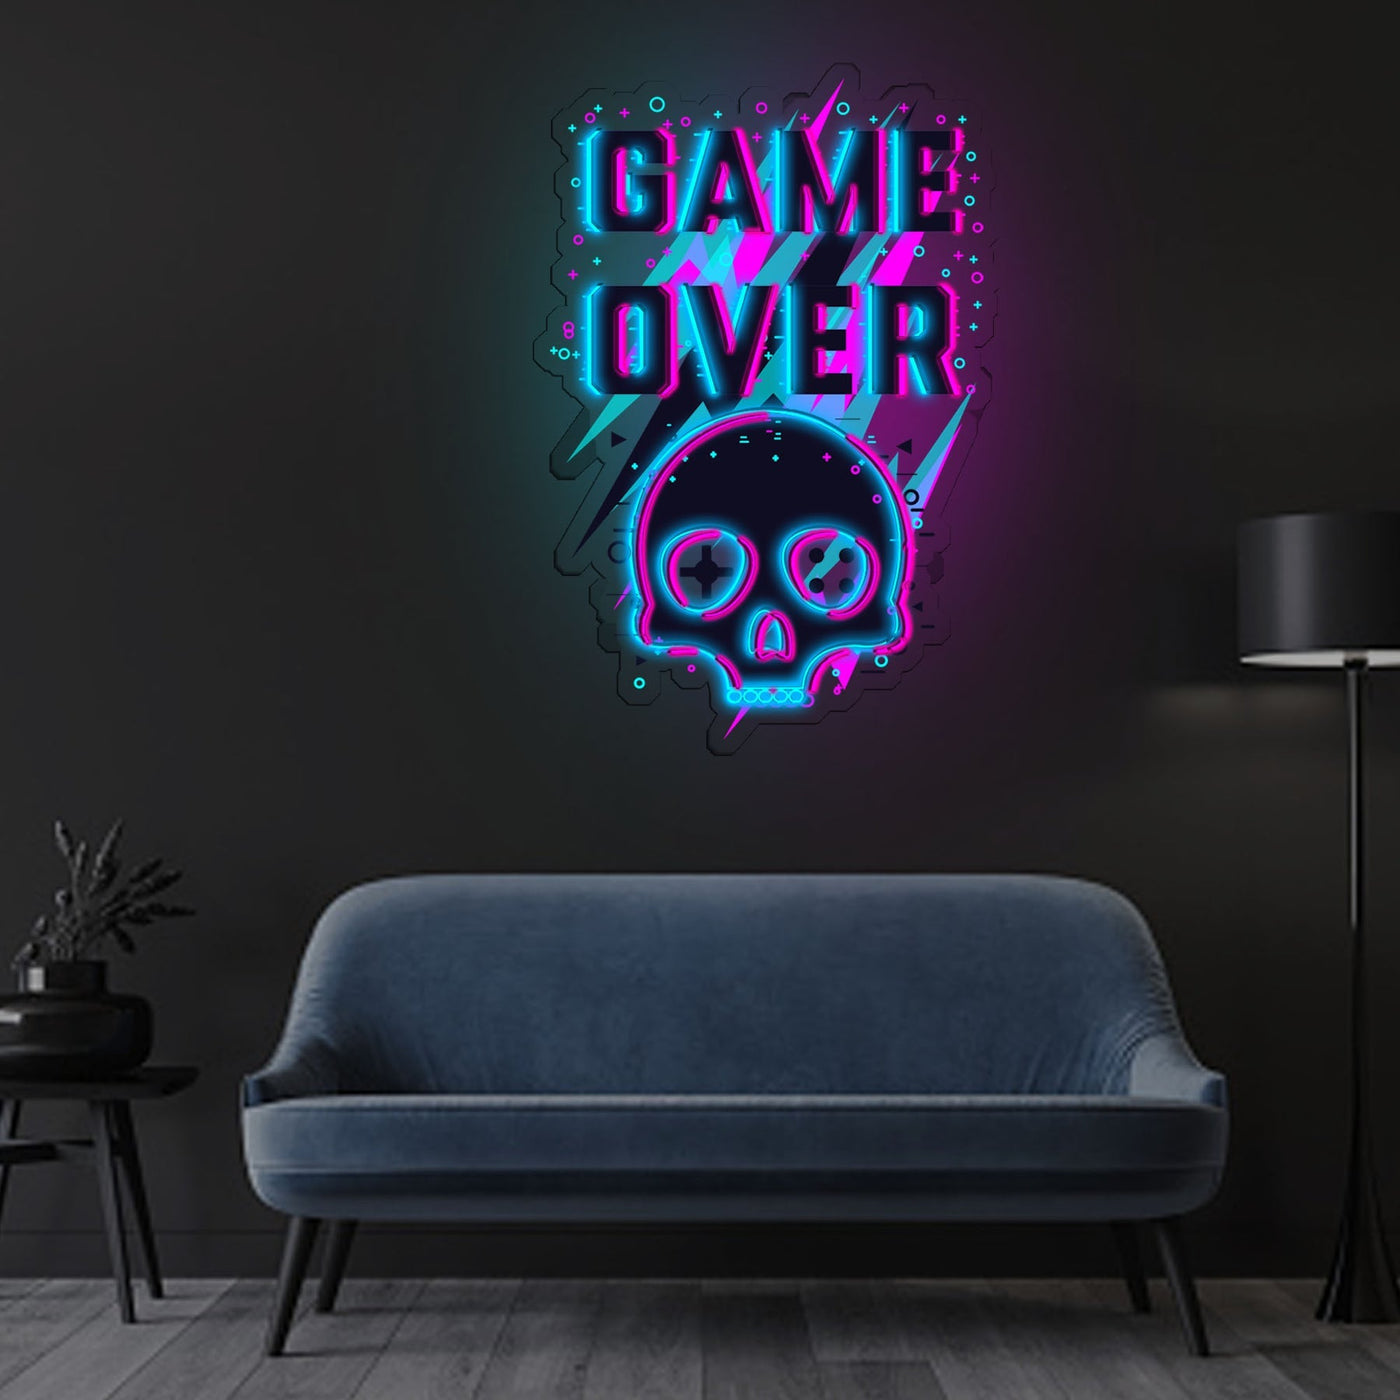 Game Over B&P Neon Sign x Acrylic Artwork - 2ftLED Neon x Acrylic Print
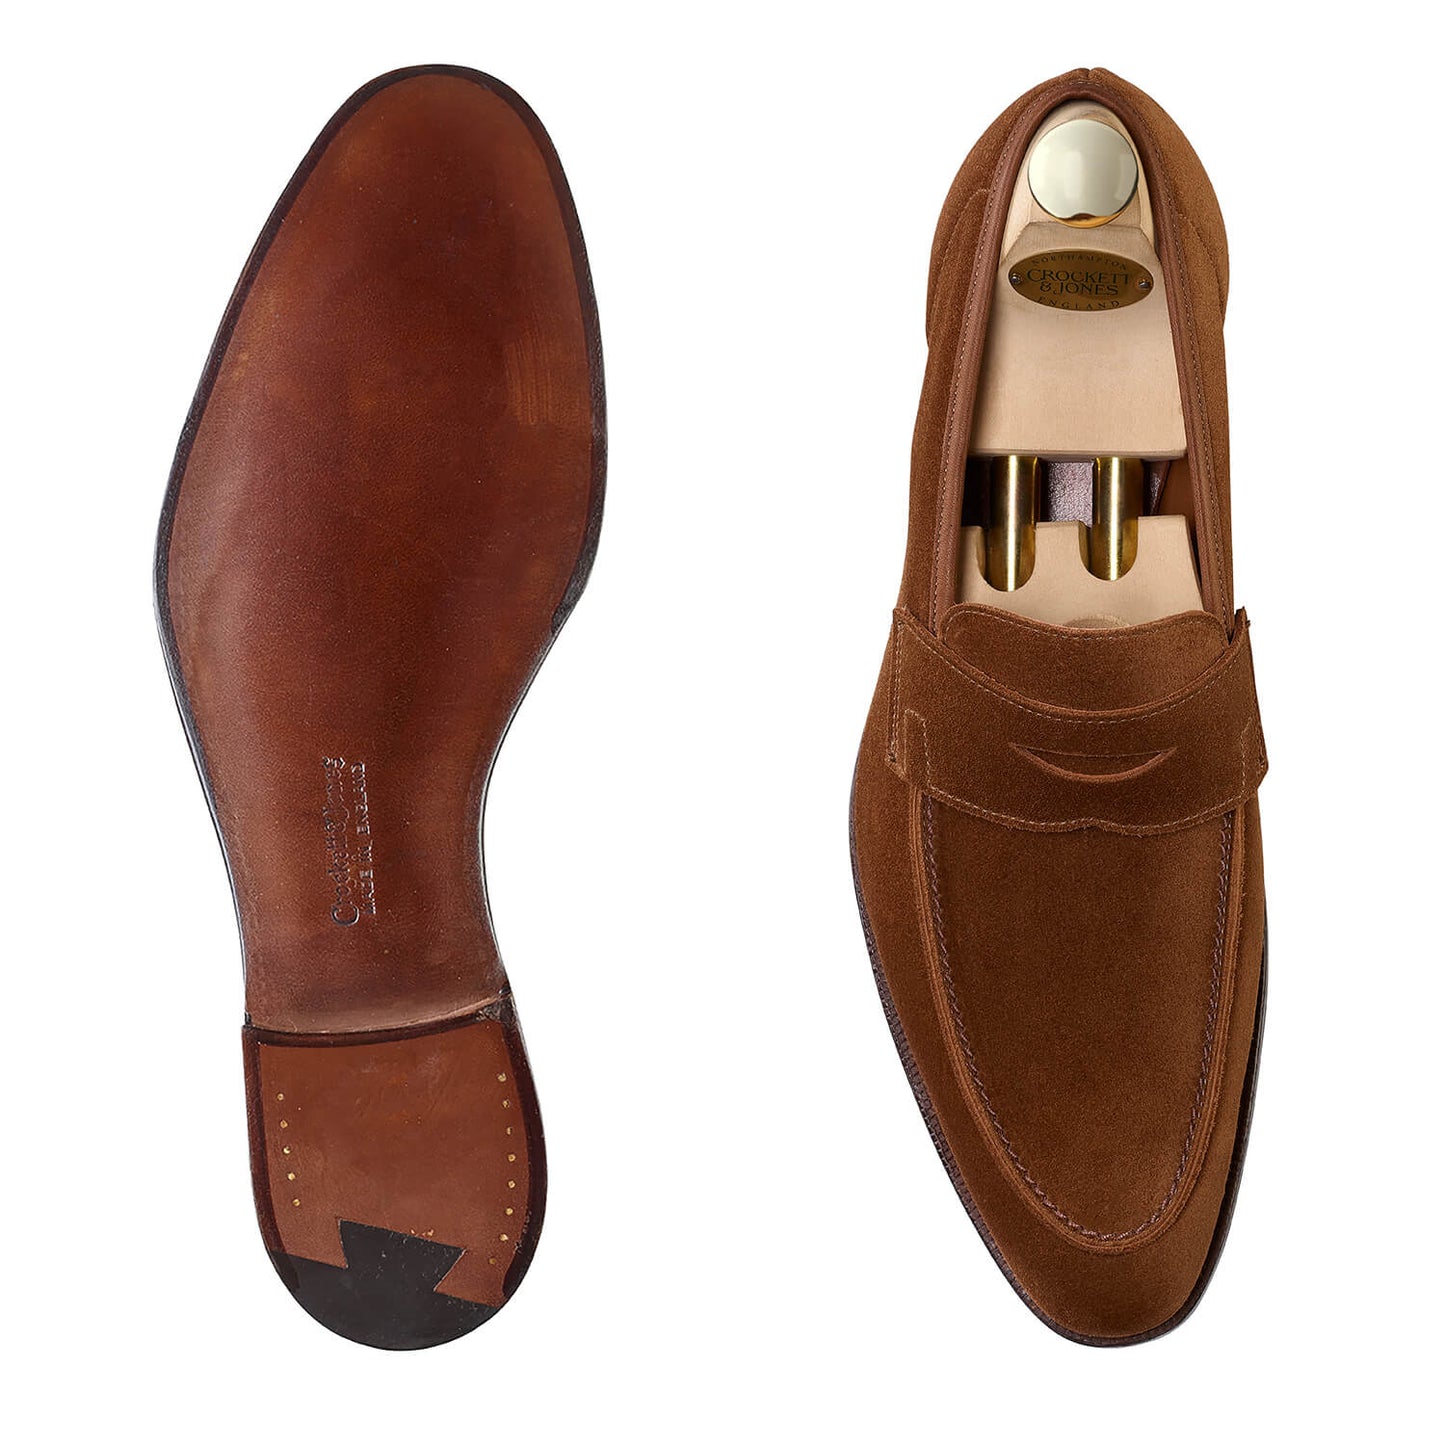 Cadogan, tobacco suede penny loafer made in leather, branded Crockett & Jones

..............................

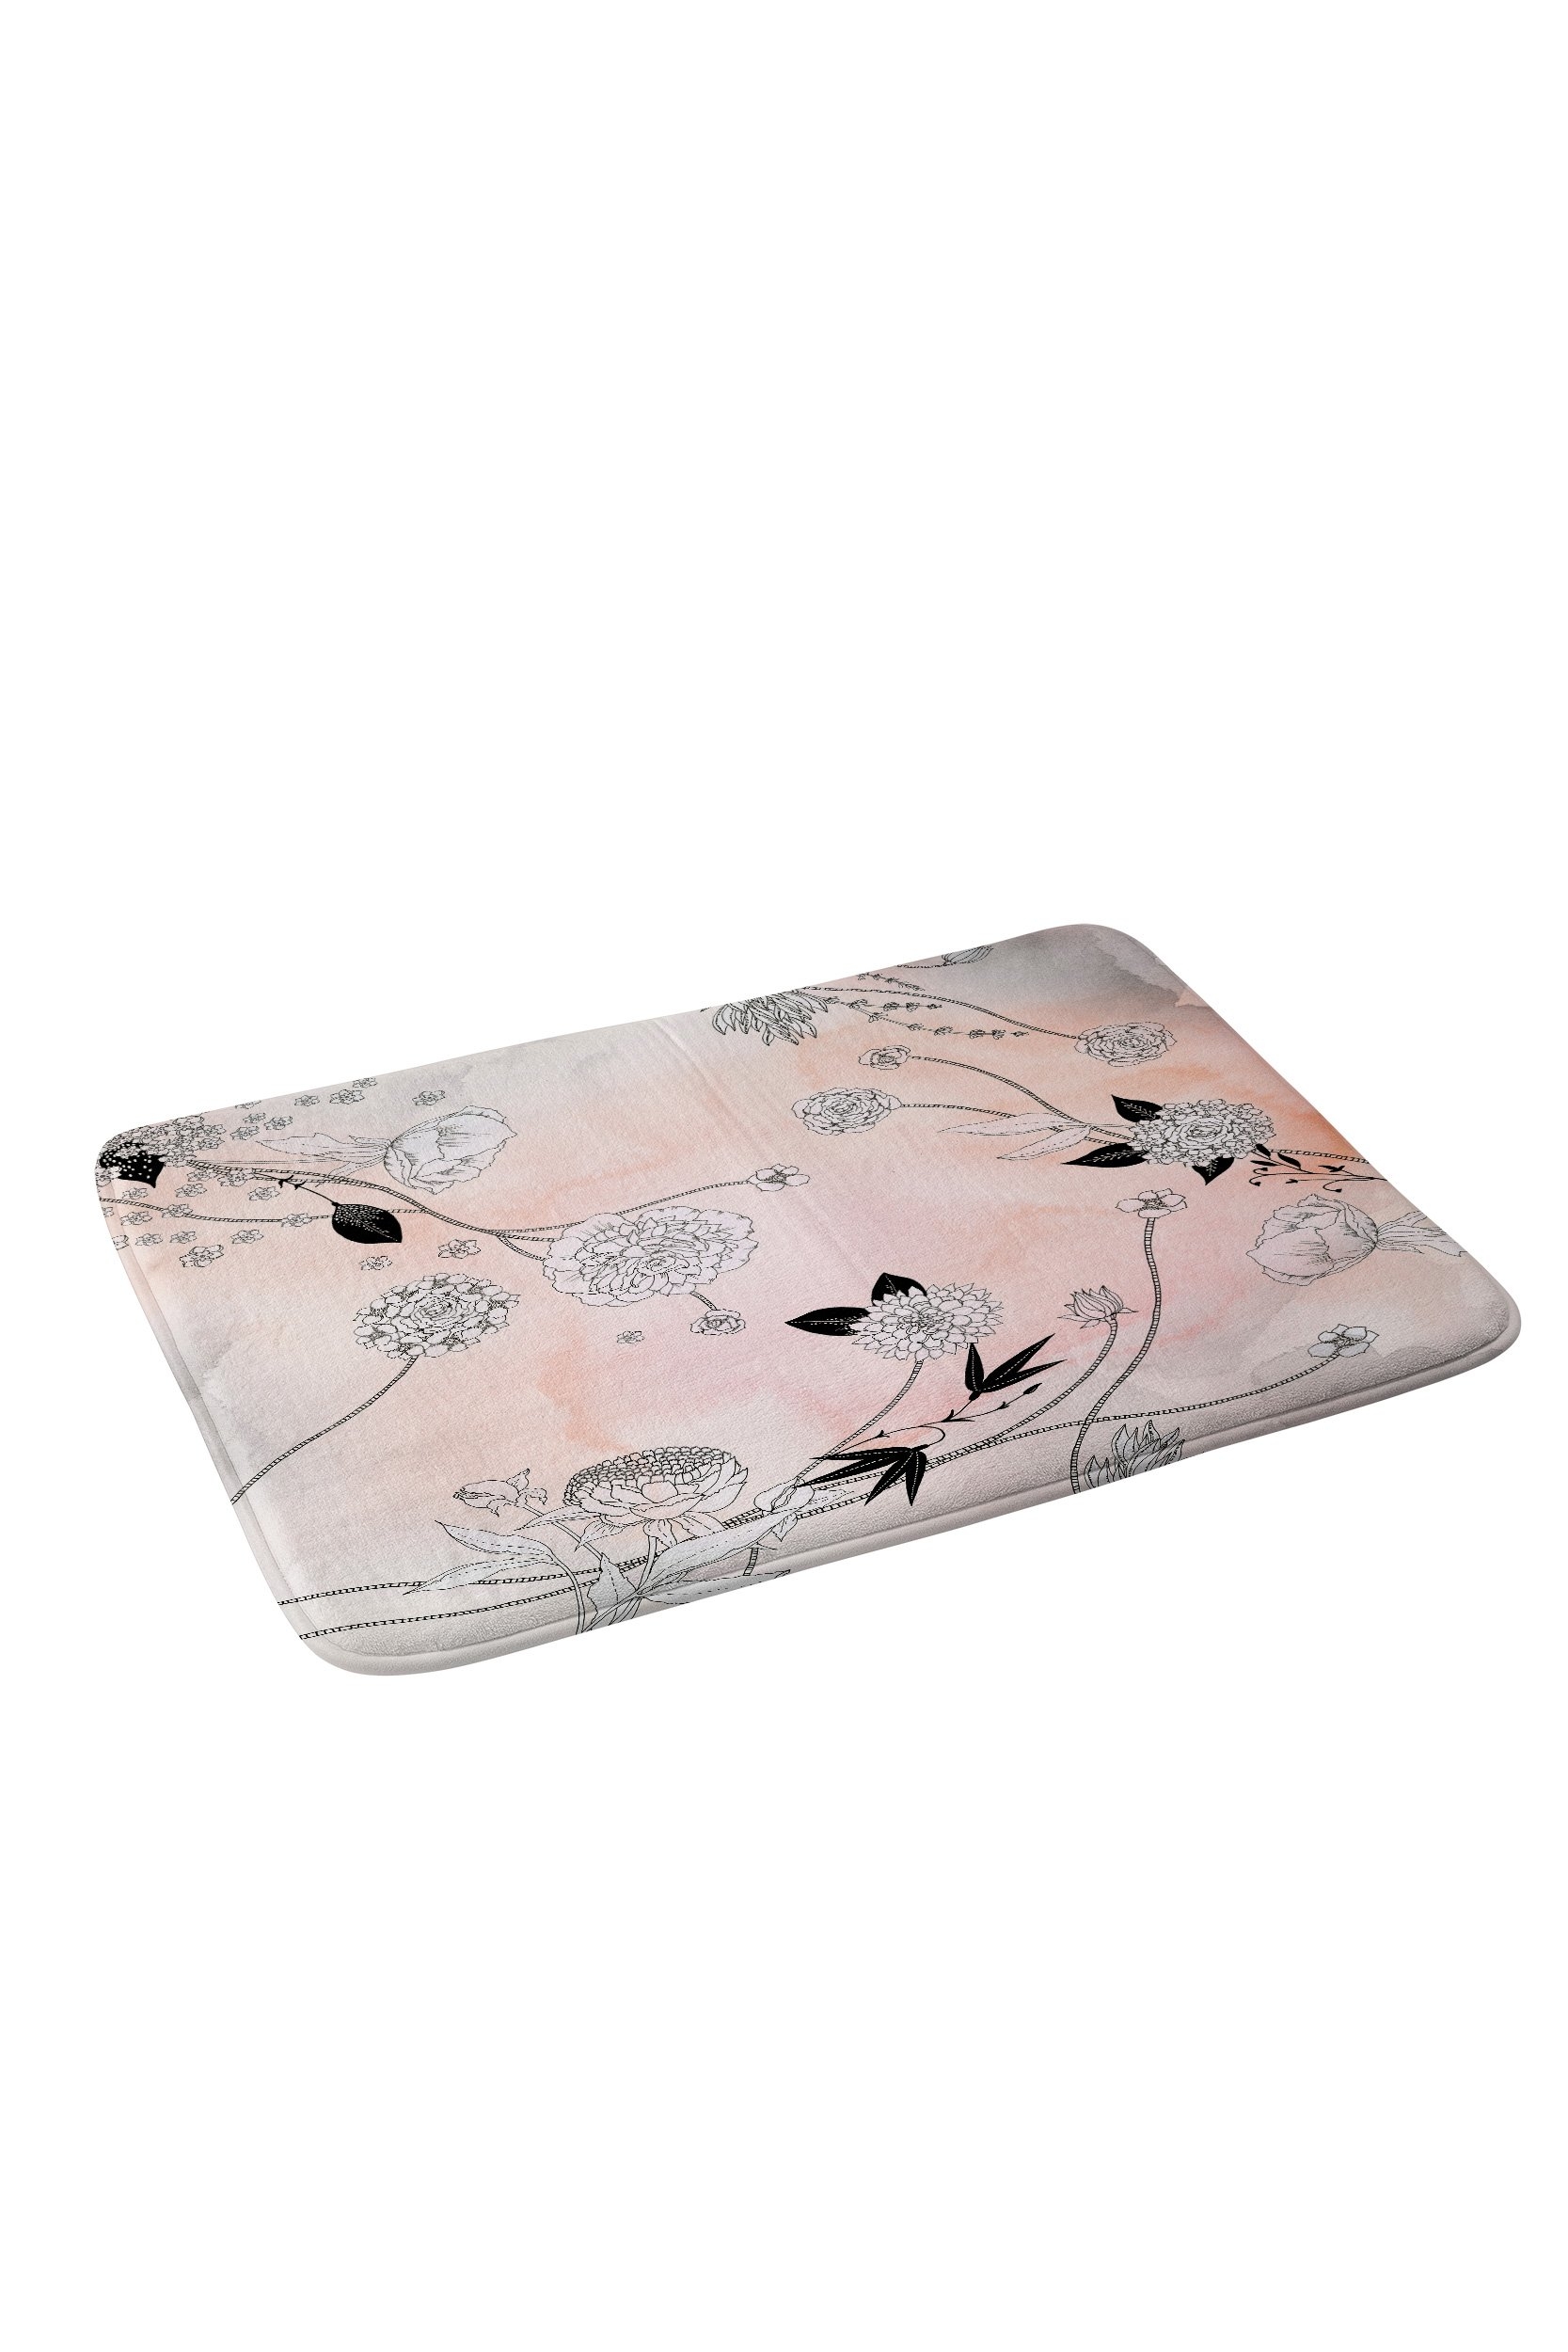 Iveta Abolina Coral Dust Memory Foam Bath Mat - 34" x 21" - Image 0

..............................

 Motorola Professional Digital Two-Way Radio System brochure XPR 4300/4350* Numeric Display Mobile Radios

..............................

Set down exactly the lines above, from the line containing "Game Over B&P" through the line containing "Cadogan, tobacco suede". Skip the pictures.

Output of the task =>
 Game Over B&P Neon Sign x Acrylic Artwork - 2ftLED Neon x Acrylic Print
 Cadogan, tobacco suede penny loafer made in leather, branded Crockett & Jones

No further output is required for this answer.